Thanks for these additional missing title reports, I have filed a new ticket for the appropriate team to investigate further.

3 Messages

 • 

100 Points

Il y a 20 d

Here are some additional info which could help find the source of the problem that still persists

The missing IDs in the TSV files can be as old as the 1923 movie "The Hunchback of Notre Dame" (tt0014142) or "The Wild Child" (tt0064285) from François Truffaut 1970, as well as more recent ones such as "Feast" (tt13097910) or Sinkhole (tt21953638) both released in 2021.

There are also some TV shows in that list (ex: "Norman" tt4191702)

What is peculiar is that some IDs can be found on the title.akas and title.principals or even only on the name.basics without appearing in the main title.basics.

After doing a crosscheck between what appears to be the main title.basics and the 4 "sub-files" (name.basics, title.akas, title.crew and title.principals), there seems to be 8712 incoherencies (mismatch) organized in 2 categories:

  • 2670 IMDb IDs (tconst) correspond to an existing movie/TV show/video/... on the website with 2130 of them that land to a regular page (returns HTTP 200 code) and 540 are 302 redirects to another id.
  • 6042 are inexistent when checking on the imdb.com website (Not found / 404 HTTP error code).

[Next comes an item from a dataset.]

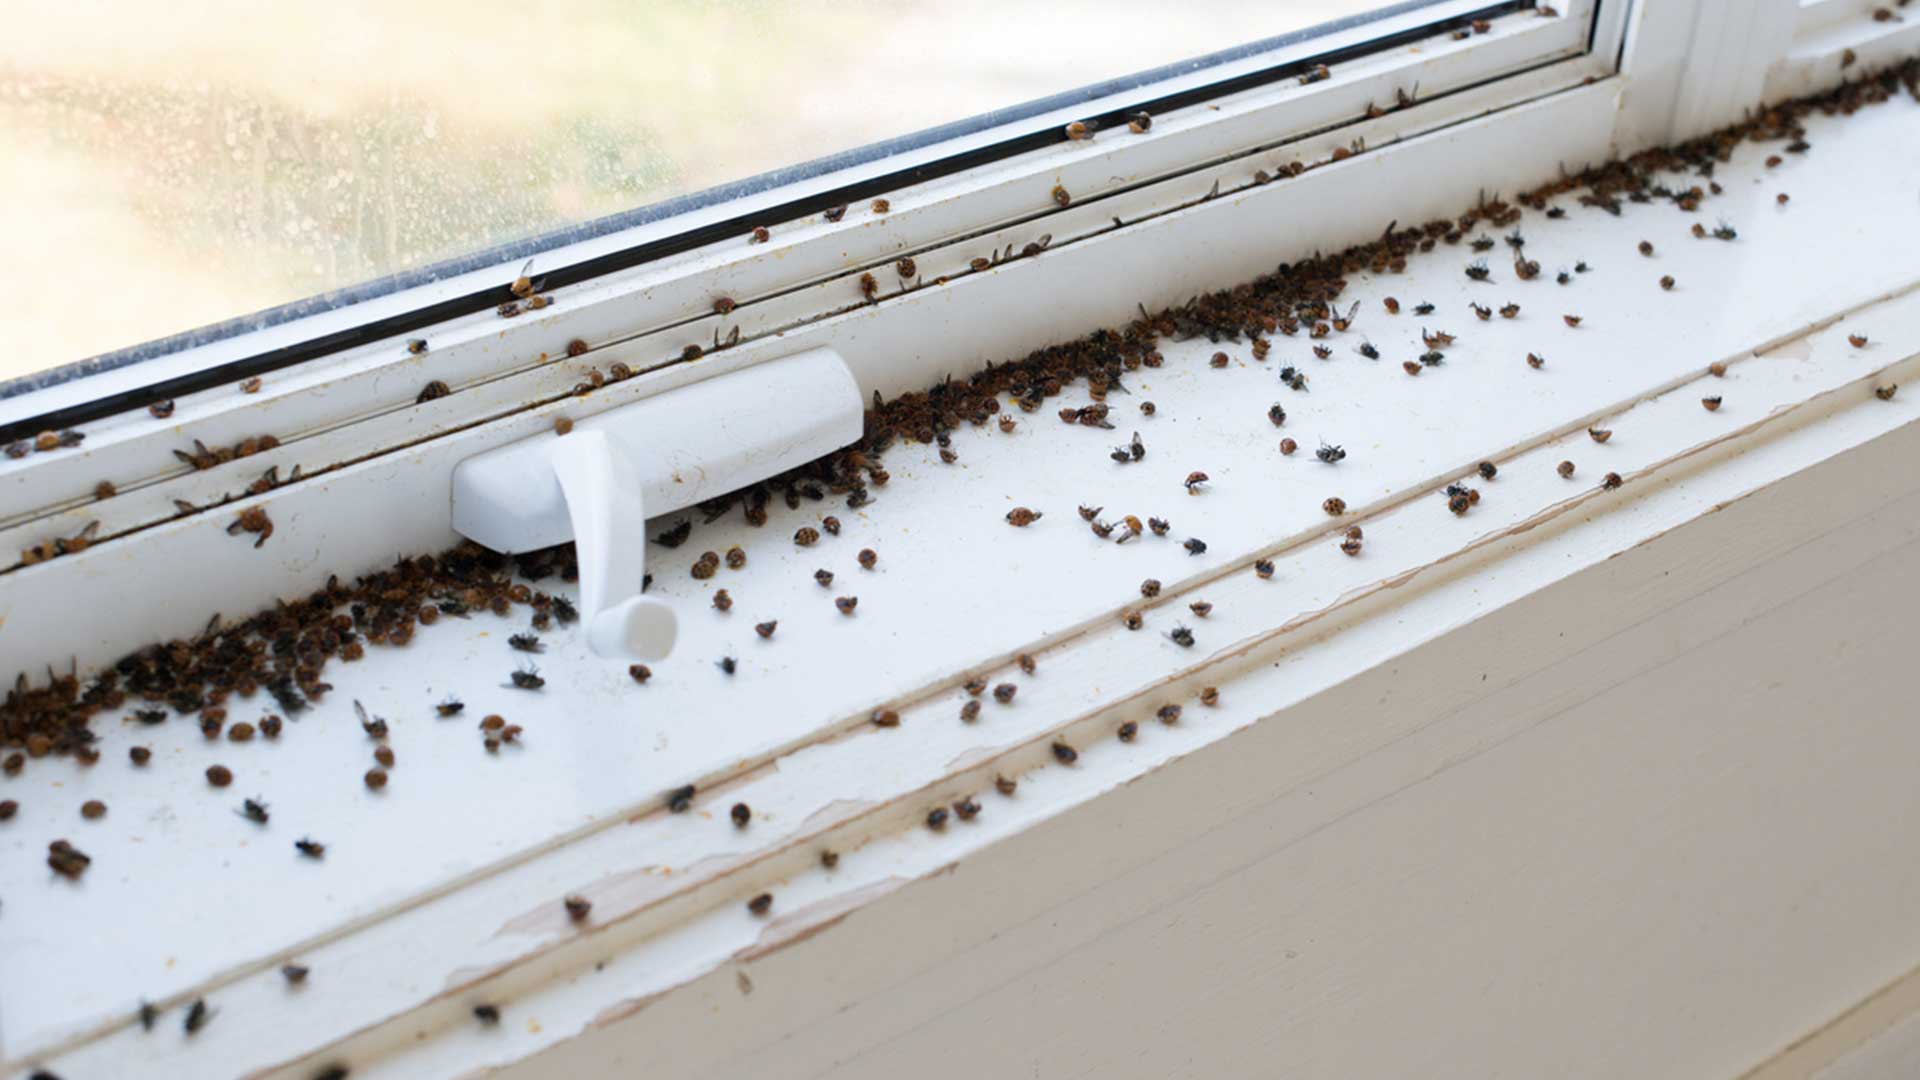 Ladybug infestation on window ledge

here are some examples of the IDs found (top/bottom five for each group):

- IDs absent in title.basics but correspond to an existing movie/serie

tt0012182
tt0012852
tt0012937
tt0013743
tt0014142
...
tt21953306
tt21953412
tt21953604
tt21953610
tt21953638

total count = 2130


- IDs absent in title.basics but correspond to an existing movie/serie after being redirected (302)

tt0014327 -> tt0014325
tt0047941-> tt0047940
tt0059860 -> tt0059845
tt0088641 -> tt0085111
tt0103358 -> tt0103357
...
tt21312196 -> tt14604694
tt21336160 -> tt7227442
tt21931516 -> tt21905038
tt21943026 -> tt21926422
tt21944362 -> tt14794336

total count = 540


- IDs found in one of the 4 "sub-files" but not in title.basic and which returns a 404 error in the imdb.com website

tt0021006
tt0021453
tt0023019
tt0024677
tt0036165
...
tt20412466
tt20877586
tt21327936
tt21809398
tt21952054

total count = 6042


I can provide the full list if need be.

(edited)

Employee

 • 

14.4K Messages

 • 

281K Points

Hi @Adren​ -

Thanks for this additional information, I have passed this along to the technical team!